> _Exercise data_
────

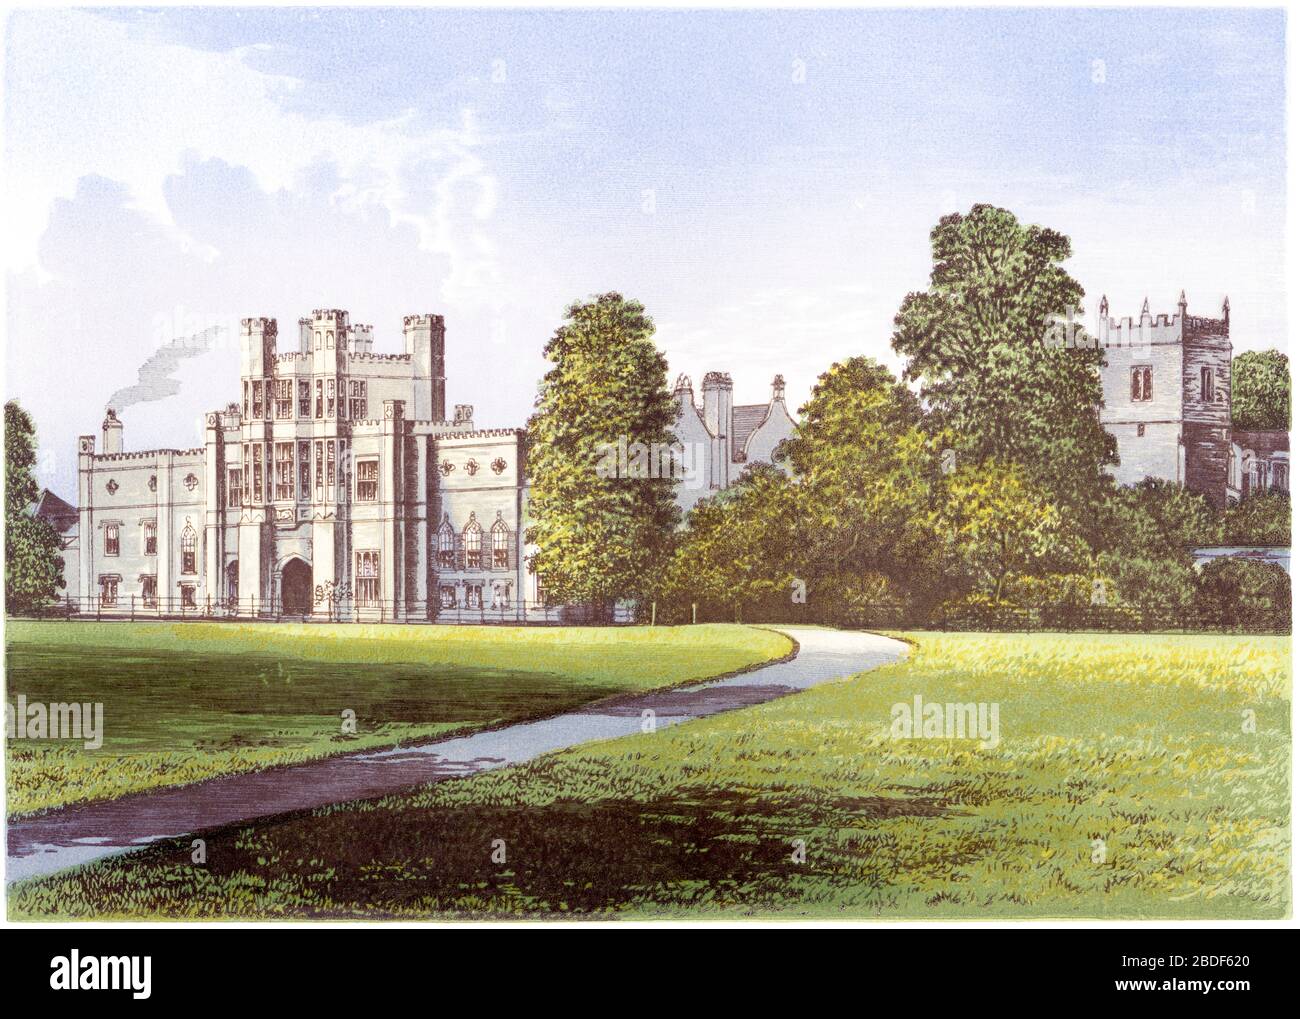 A coloured illustration of Coughton Court, Alcester, Warwickshire scanned at high resolution from a book printed in 1870.  Believed copyright free. Stock Photo
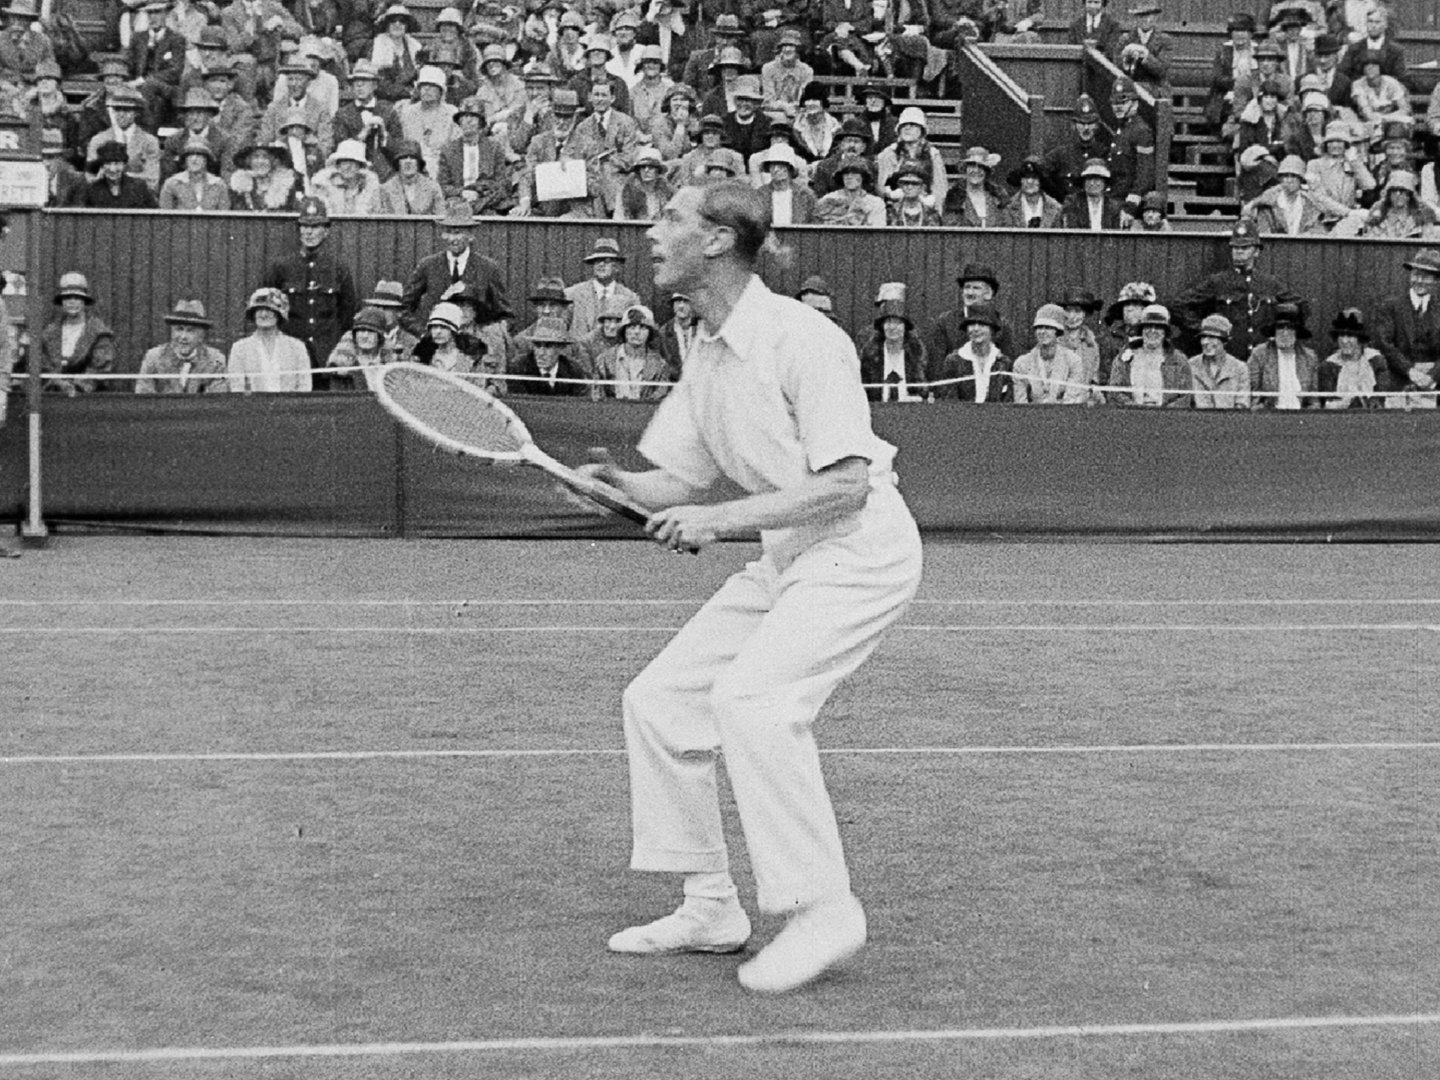 BFI on Twitter: &quot;A royal court: The Duke of York, the future King George  VI, plays at the Wimbledon Tennis Championships in 1926 #TennisOnFilm  https://t.co/riimzS7Xla&quot; / Twitter
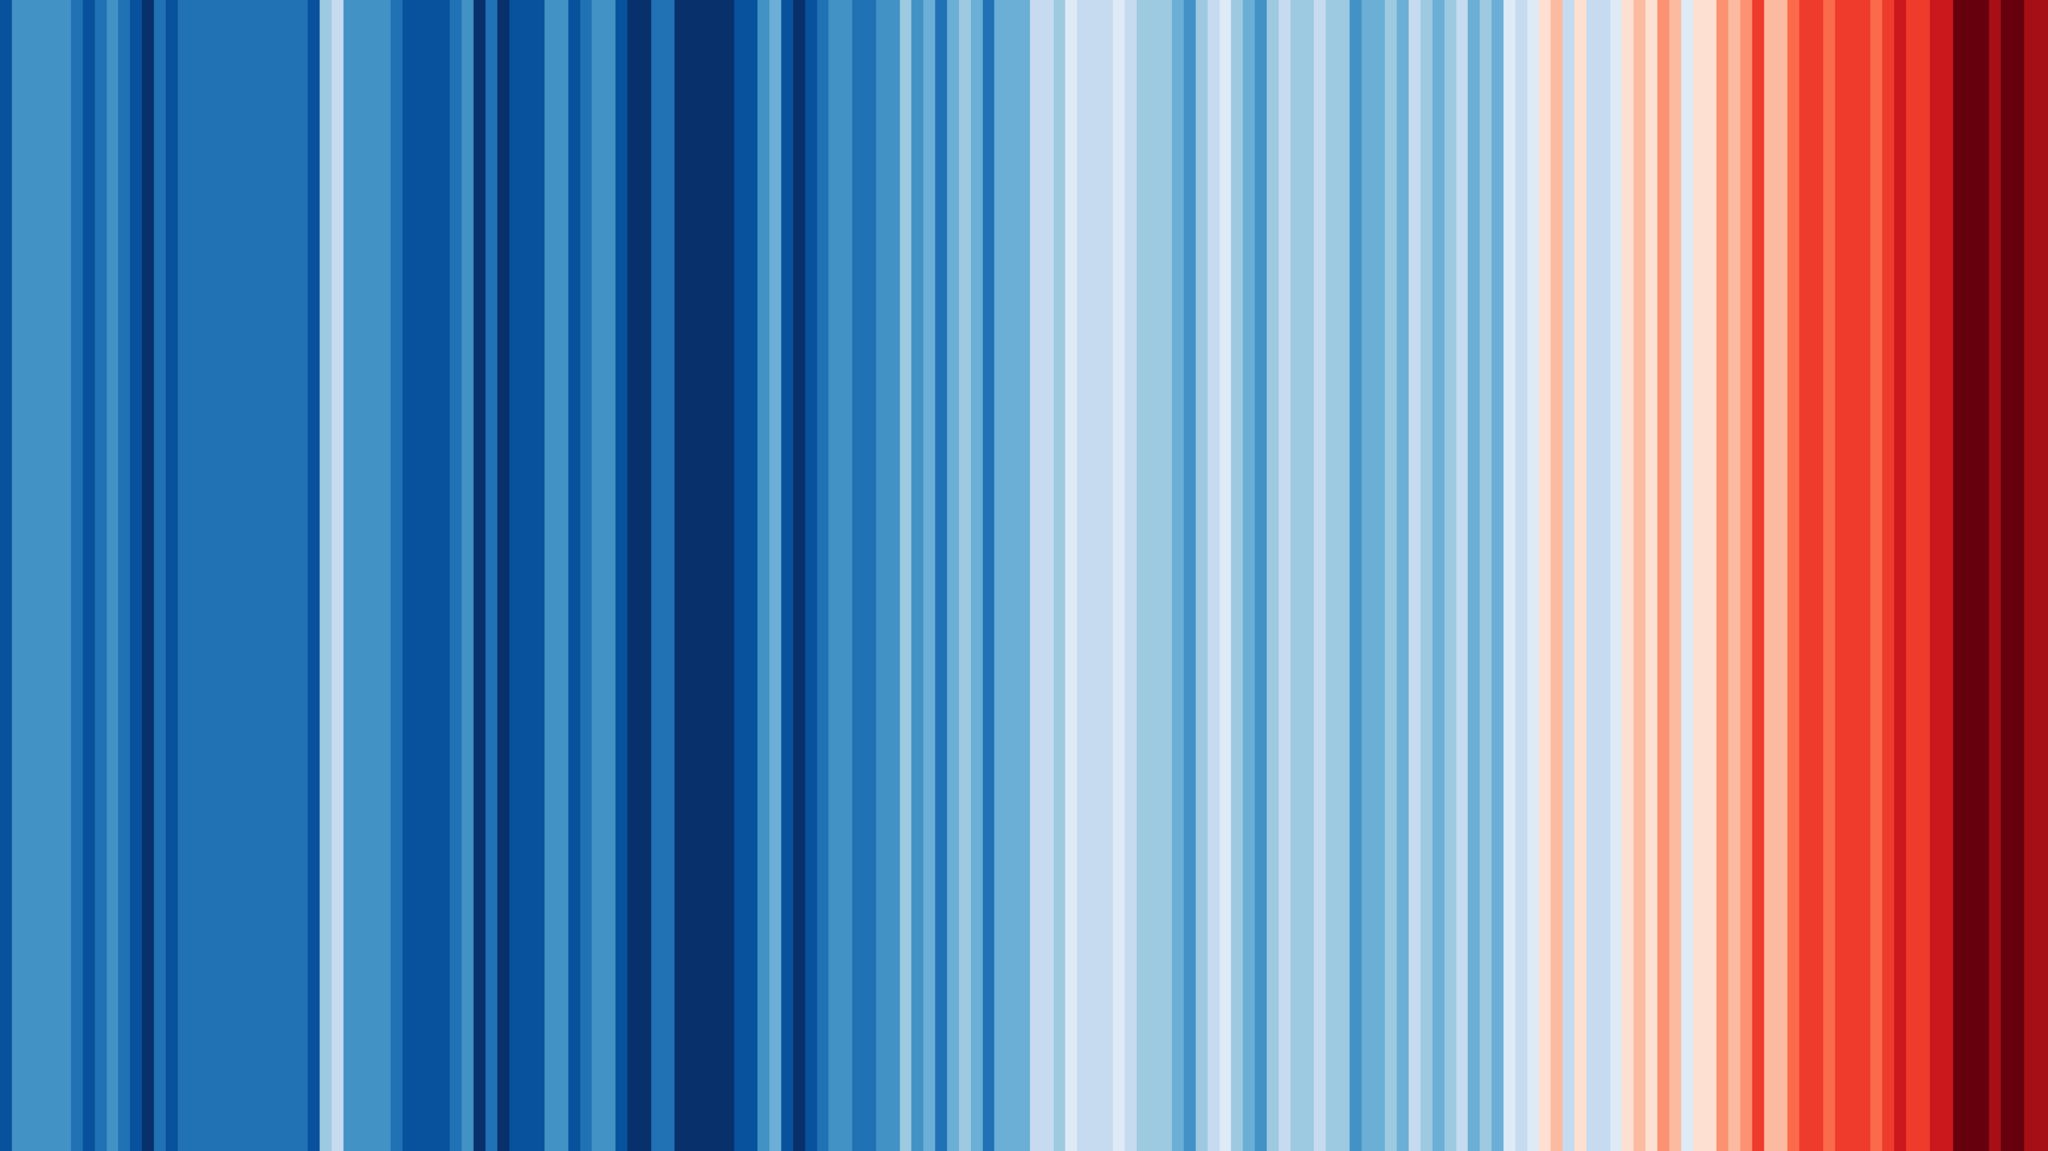 Coloured stripes showing average global temperature

────

> _How to complete this task_
All of the data above should be printed again exactly, though none of the pictures belong in the copy.

> _Solution for this problem_
 A coloured illustration of Coughton Court, Alcester, Warwickshire scanned at high resolution from a book printed in 1870.  Believed copyright free. Stock Photo
 BFI on Twitter: &quot;A royal court: The Duke of York, the future King George  VI, plays at the Wimbledon Tennis Championships in 1926 #TennisOnFilm  https://t.co/riimzS7Xla&quot; / Twitter
 Coloured stripes showing average global temperature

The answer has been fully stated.